BRIEF DESCRIPTION OF THE DRAWINGS
[0011] FIG. 1 is a sectional view of a catheter assembly of the
present invention for crossing an area of stenosis and providing a
conduit for intravascular delivery or removal of devices through an
area of stenosis.
[0012] FIG. 2 is a sectional view of a catheter according to one
embodiment of the invention.
[0013] FIG. 3 is a sectional view of a catheter according to
another embodiment of the invention.
[0014] FIG. 4 is a sectional view of a catheter according to yet
another embodiment of the invention.
[0015] This invention relates to a catheter assembly for crossing
areas of stenosis and for intravascular delivery or removal of
devices through areas of stenosis. The present invention may be
used in the coronary arteries, carotid arteries, renal arteries,
saphenous veins, bypass grafts, and other natural and artificial
vessels. The present invention may be used alone or in conjunction
with another procedure (e.g. catheterization, angioplasty,
stenting). While directed to crossing an area of stenosis, an
assembly of the invention may also be used in vessel areas
conventional catheters have difficulty crossing e.g. areas of
tortuosity.
[0016] As shown in FIG. 1 a catheter assembly is indicated by
numeral 10 and comprises an inner catheter 14 slidable on a guide
wire 12, at least one intermediate gradual transition catheter 16
slidable on an inner catheter, and a delivery catheter 18 slidable
on the outermost intermediate gradual transition catheter. As will
be described more fully hereinafter, the distal portions of the
catheters may form an angle with the guide wire. This angle,
conveniently denominated, .alpha., is measured between the center
line of the guide wire when a catheter is in place thereupon and
the leading edge of the catheter.
[0017] A catheter assembly of the invention may be inserted over a
guide wire. A guide wire may be constructed by methods known in the
art. The diameter of said guide wire may range from about
0.010-0.038 inches, preferably, 0.014 inches in coronary artery
applications, and from about 0.014-0.035 inches in carotid
applications. A person of ordinary skill will recognize that guide
wire and catheter selection is dependent on multiple factors
including vessel size; operator preference and so forth.

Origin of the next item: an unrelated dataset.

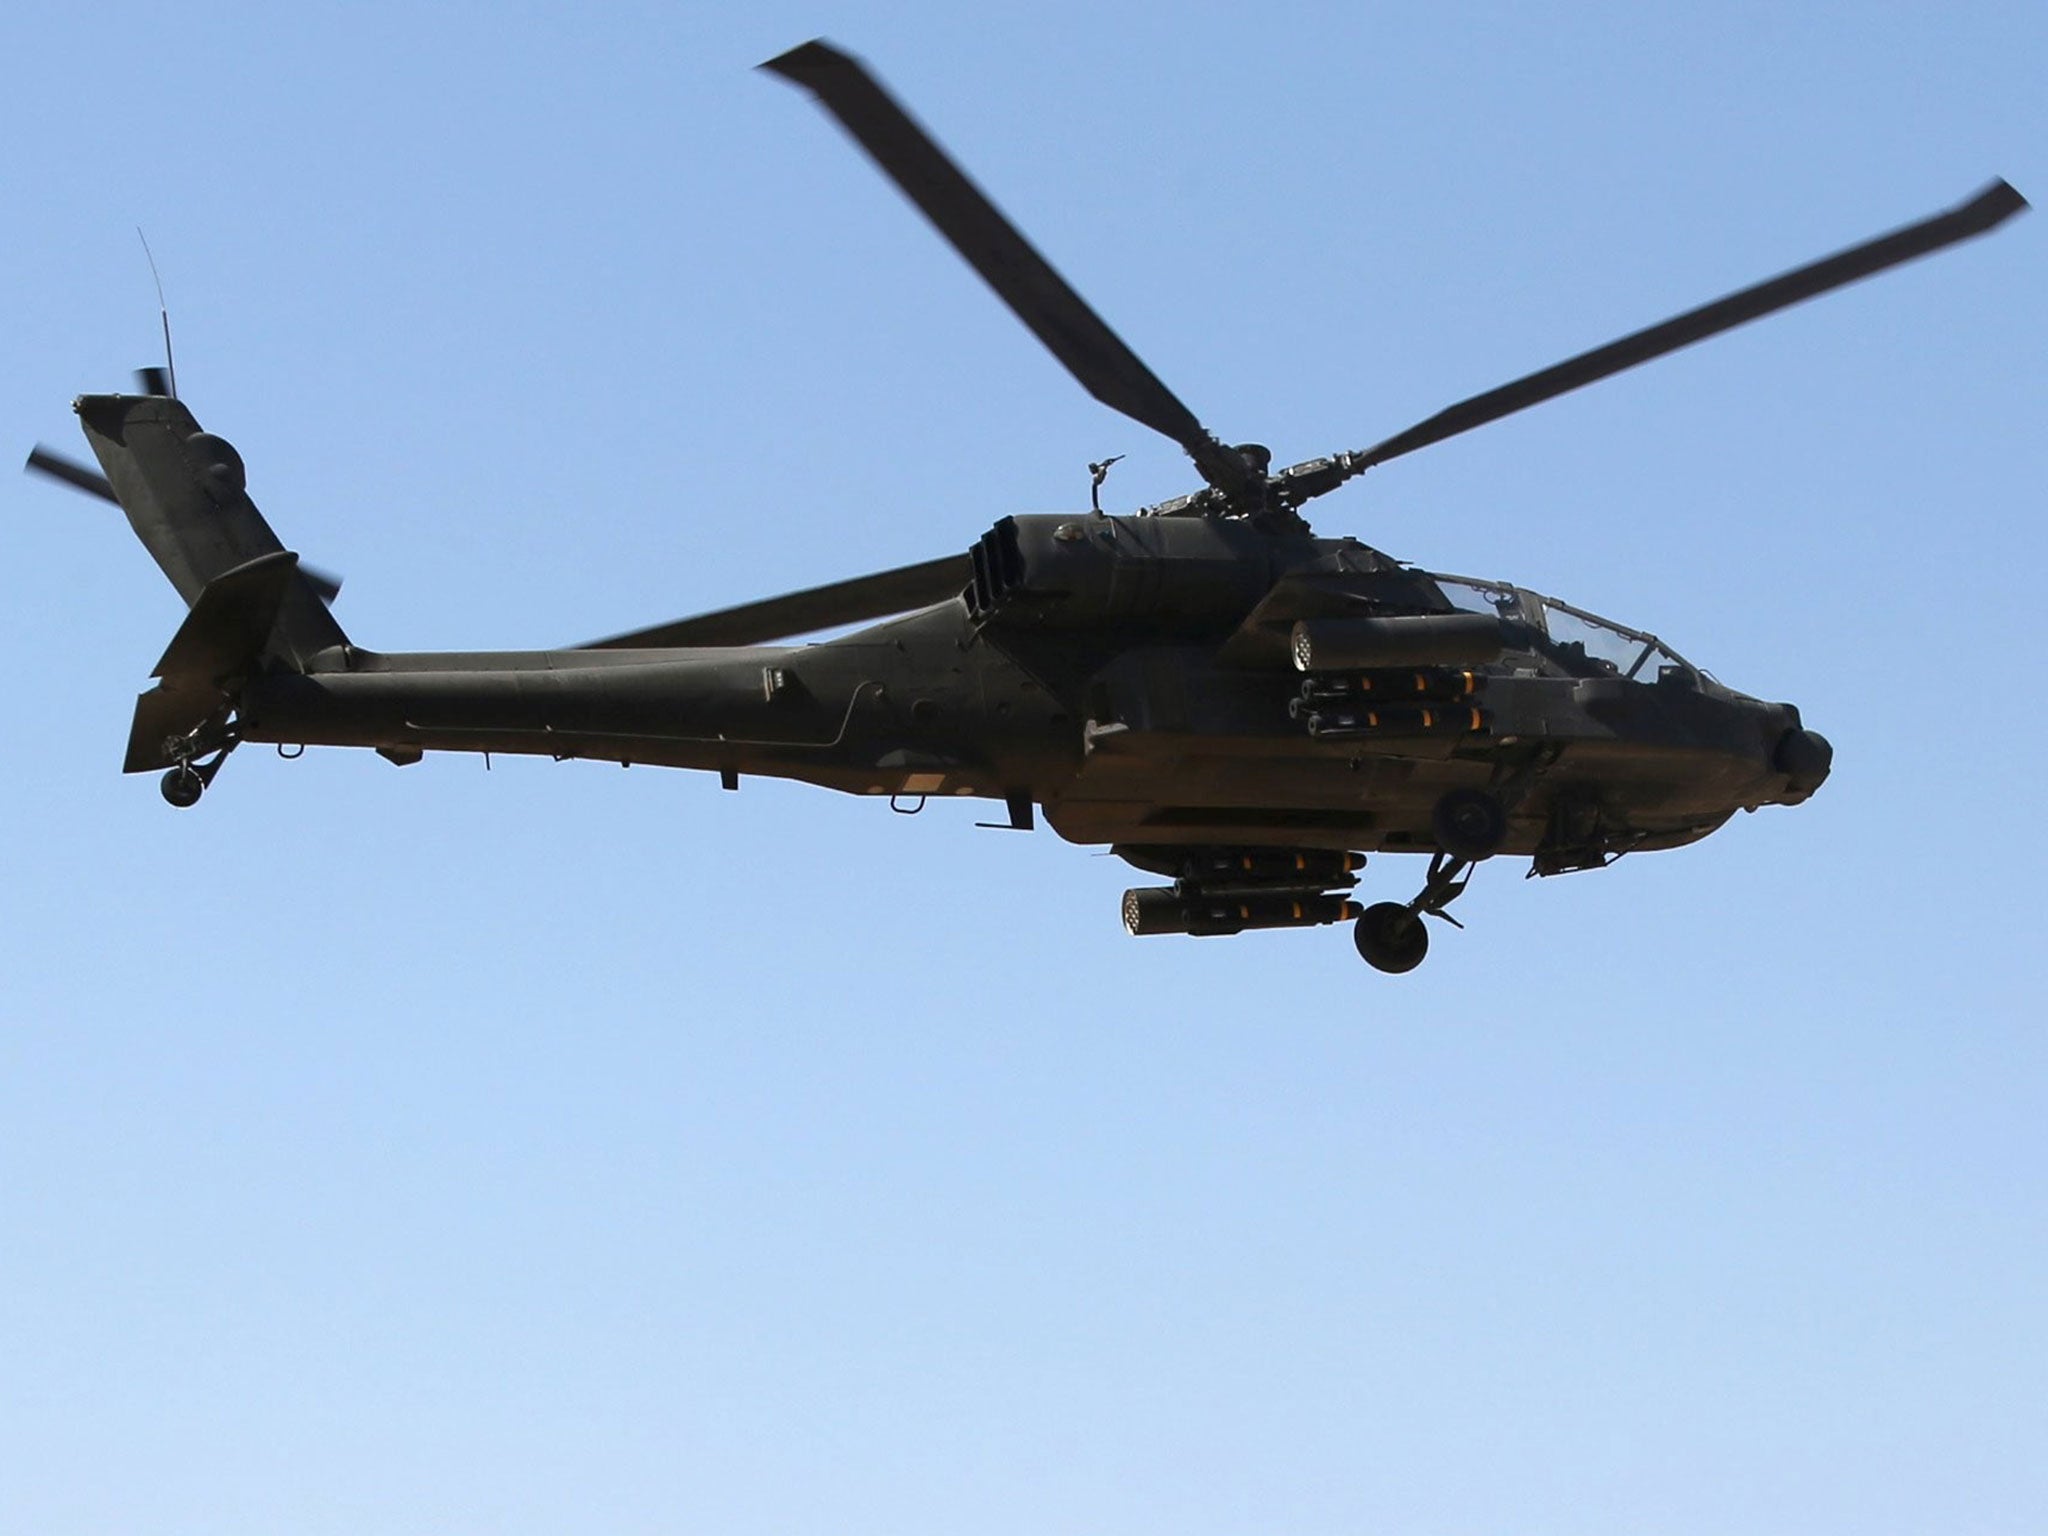 An Egyptian military helicopter in the Sinai Peninsula

[0018] The catheters may be constructed by methods known in the
art. In some embodiments, the catheters are comprised of polymer
and are elongated tubular structures. In some preferred embodiments
at least one catheter of the assembly may be comprised of a
polyurethane and have a hydrophilic outer coating. In some
preferred embodiments at least one catheter of the assembly is
comprised of polytetrafluoroethylene. The precise manufacture and
coating of a guide wire or individual catheter is not part of the
invention. It is within skill of persons in the art.

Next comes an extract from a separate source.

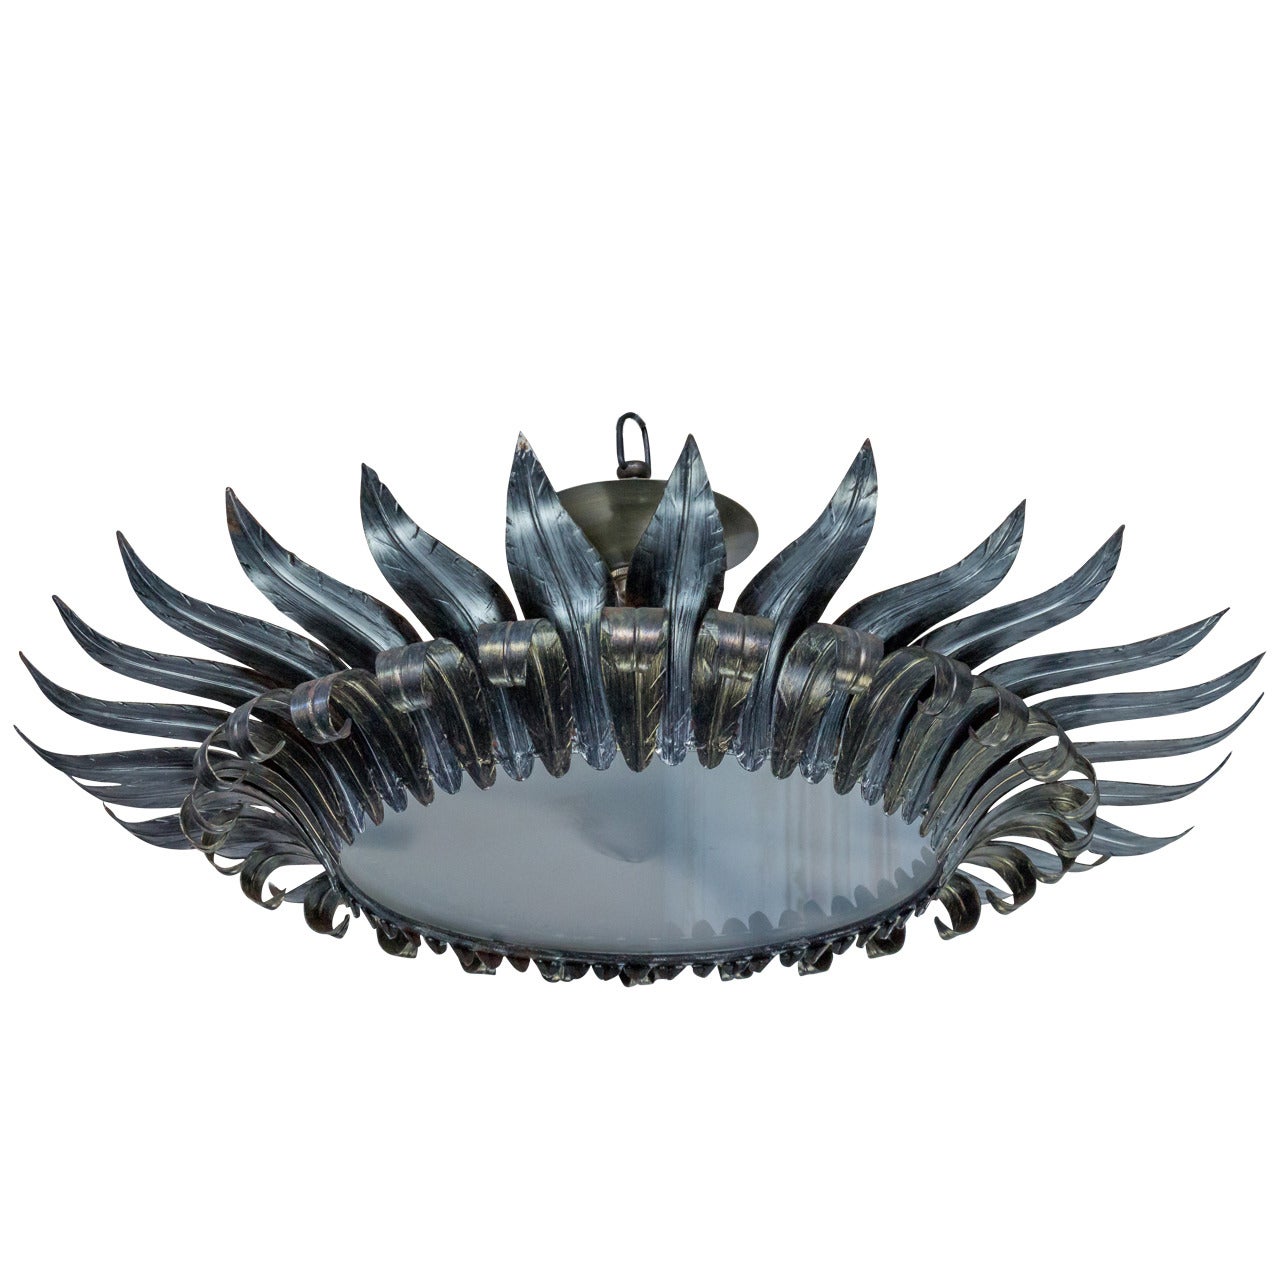 Handsome Spanish Silver and Gold Ceiling Sunburst Fixture

[0019] Selection of polymer makeup and coating composition is
dependent to a degree upon whether a catheter will function as an
inner, intermediate gradual transition or delivery catheter. For
example, in some embodiments an inner catheter with greater
rigidity to enable the operator to use the push-pull method may be
preferred. Additionally, a delivery catheter needs to be flexible
enough to track through the vessel of interest but rigid enough to
avoid kinking and allow delivery of the device. The degree of
flexibility or rigidity for any catheter may be altered by varying
the materials constructing the catheter by methods known in the
art.
[0020] Catheter diameter, either inner or outer, will be influenced
by multiple factors including the vessel involved; the device to be
delivered; tortuouosity of the introduction path; vessel
calcifications; difficulty delivering the device and so forth.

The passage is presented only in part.